One popular approach for parsing high degrees of heterogeneity within a patient group is to assume the presence of biological subtypes (or ‘biotypes’).24 A broad range of data-driven clustering approaches have been developed to identify biotypes from neuroimaging and/or clinical data.25 Although all clustering methods will return a solution that minimizes the cost function, it is more challenging to determine whether resulting biotypes are clinically and/or etiologically meaningful.26,27 To assess biotype validity, post-hoc comparisons between biotypes are often performed to assess differences in treatment effects or other clinically or etiologically relevant variables that were not used for biotype determination. Notably, depending on the inclusion/exclusion criteria, cluster dimensionality, and validation measure missingness, these post-hoc analyses can suffer from relatively low power even when starting from a large sample size.28 As such, cohorts with larger sample sizes are needed to robustly study heterogeneity and subtype validity.
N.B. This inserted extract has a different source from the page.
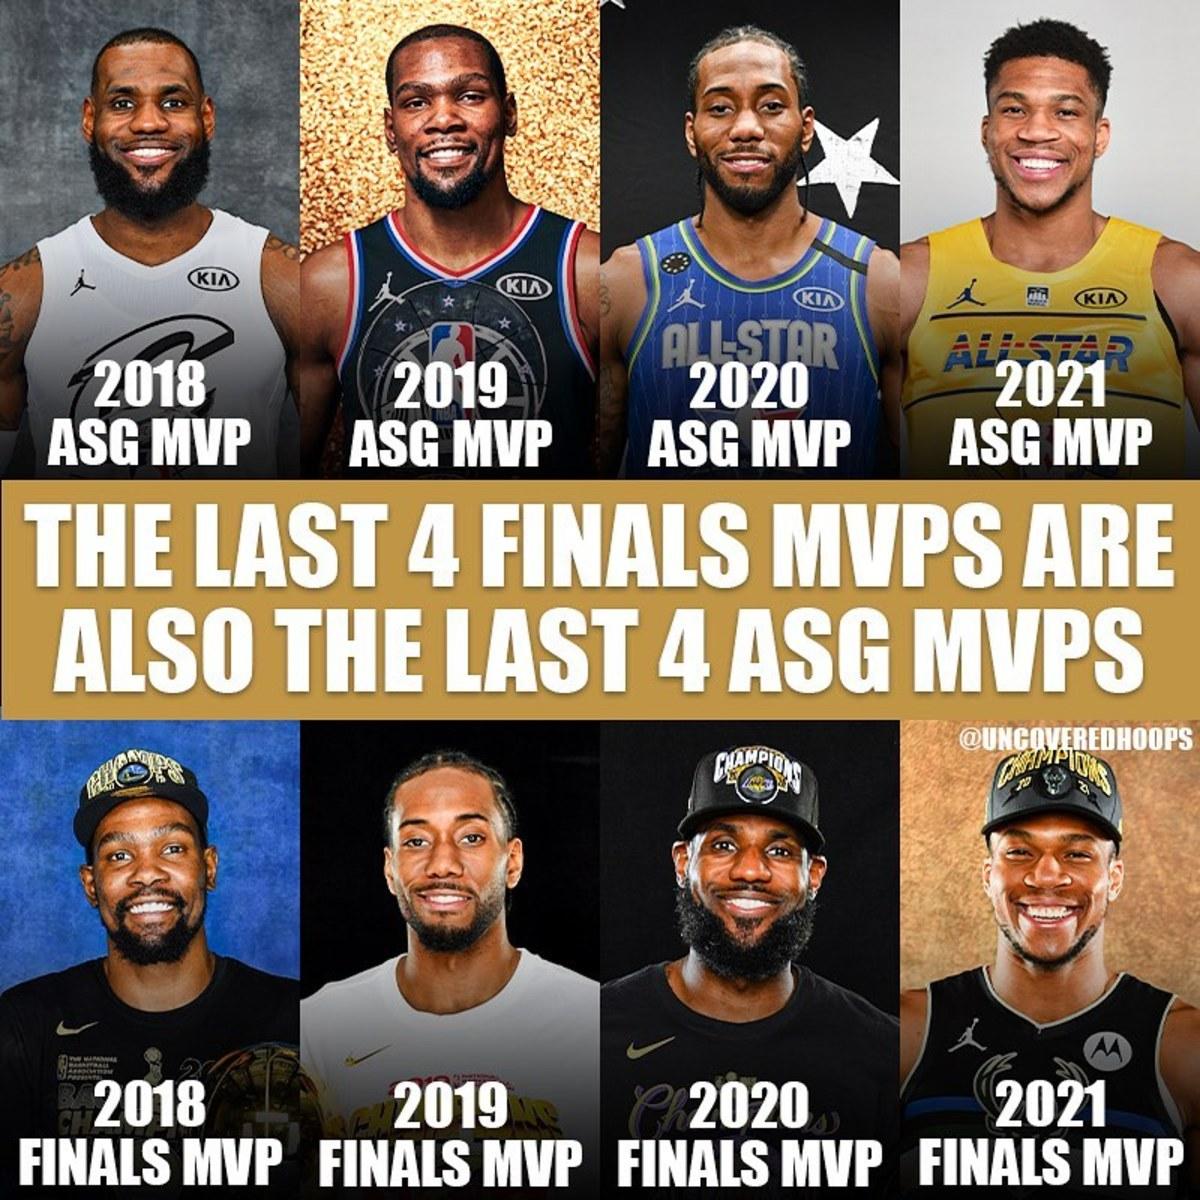 Credit: IG/NBA Uncovered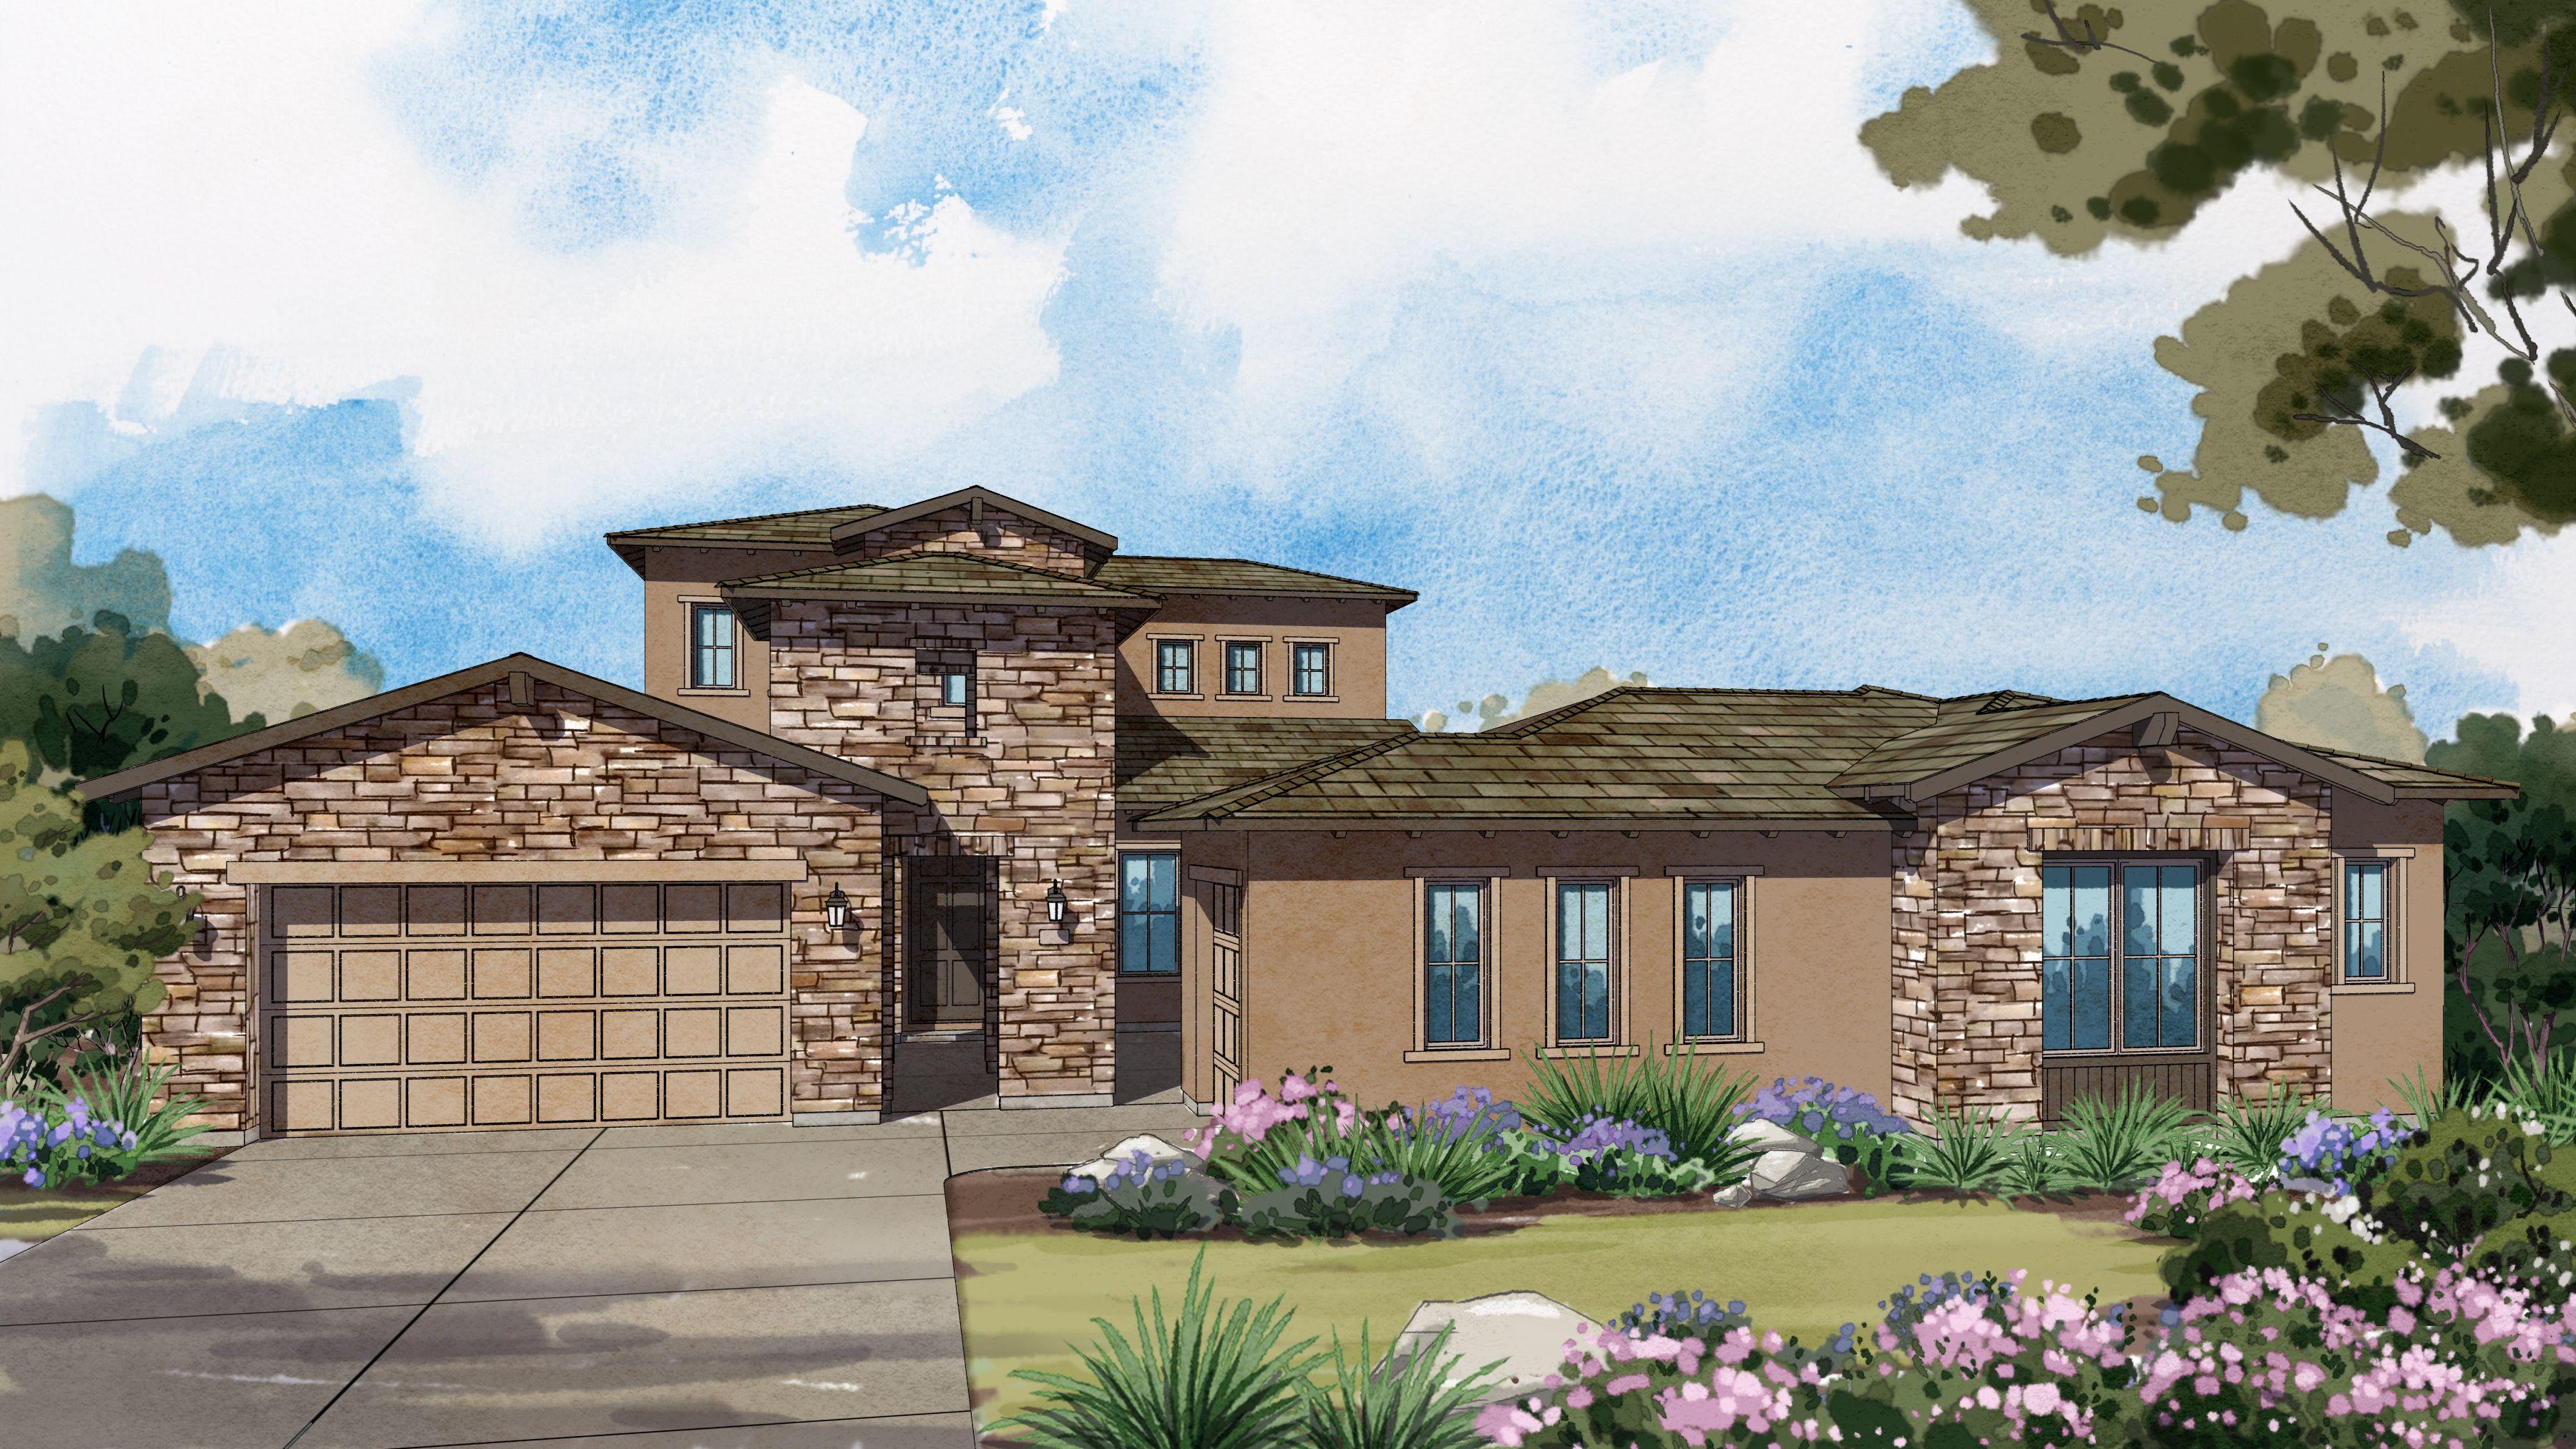 Single Family for Sale at Vintage 38 - Pinot Reserve 374 Willard Court El Dorado Hills, California 95762 United States

Where does behavior fit in?

Even with 30-minute scans, Ooi et al. show that N=900 is required to achieve 80% of the maximum prediction accuracy and N=2,500 is required to achieve 90% of the maximum prediction accuracy. As such, there is a need to explore additional avenues for optimizing brain-behavior associations. Ooi et al. show that phenotypic reliability affects the overall prediction accuracy (i.e., effect size) but was not related to the tradeoff between sample size and scan duration.1 This is expected because the overall accuracy is capped by the joint reliability of brain and phenotypic measures,29,30 yet scan time is independent of the out-of-scanner phenotypic measures and therefore only impacts the reliability of brain measures. As an extension of the work by Ooi et al., it is likely that brain-behavior association effect sizes can be improved by predicting the averaged phenotypic measure across several repeats instead of a one-off phenotypic assessment.31 Analogous to longer scans, repeated phenotypic measures are expected to enhance the accuracy of within-subject estimates of phenotypic traits. Combined with long scans, this has the potential to raise the joint reliability and thereby increase brain-behavior association effect sizes. Future work is needed to explore equivalent strategies to longer scans in the phenotypic space and its contributions to improving maximum prediction accuracy.

Conclusion

In conclusion, the paper by Ooi et al. provides an important framework and online calculator to maximize the cost efficiency of fMRI studies by optimizing the balance between scan duration and sample size. The recommendation of 30-minute long fMRI scans is suitable for many studies. At the same time, there are valid reasons for prioritizing longer scans (e.g., precision studies) or for prioritizing more participants (e.g., prospective studies, external validation, and subtyping studies). In an era of declining public trust in higher education and increasing pressures on research funding, objective efforts to maximize returns on investment such as the study by Ooi et al. are critically important to guide study design and funding decisions, improve transparency, and inform advocacy.


Funding Sources

Janine Bijsterbosch was supported by the NIH (NIMH R01 MH128286 & NIMH R01 MH132962).

Conflicts of Interest

Janine Bijsterbosch reports no conflicts of interest.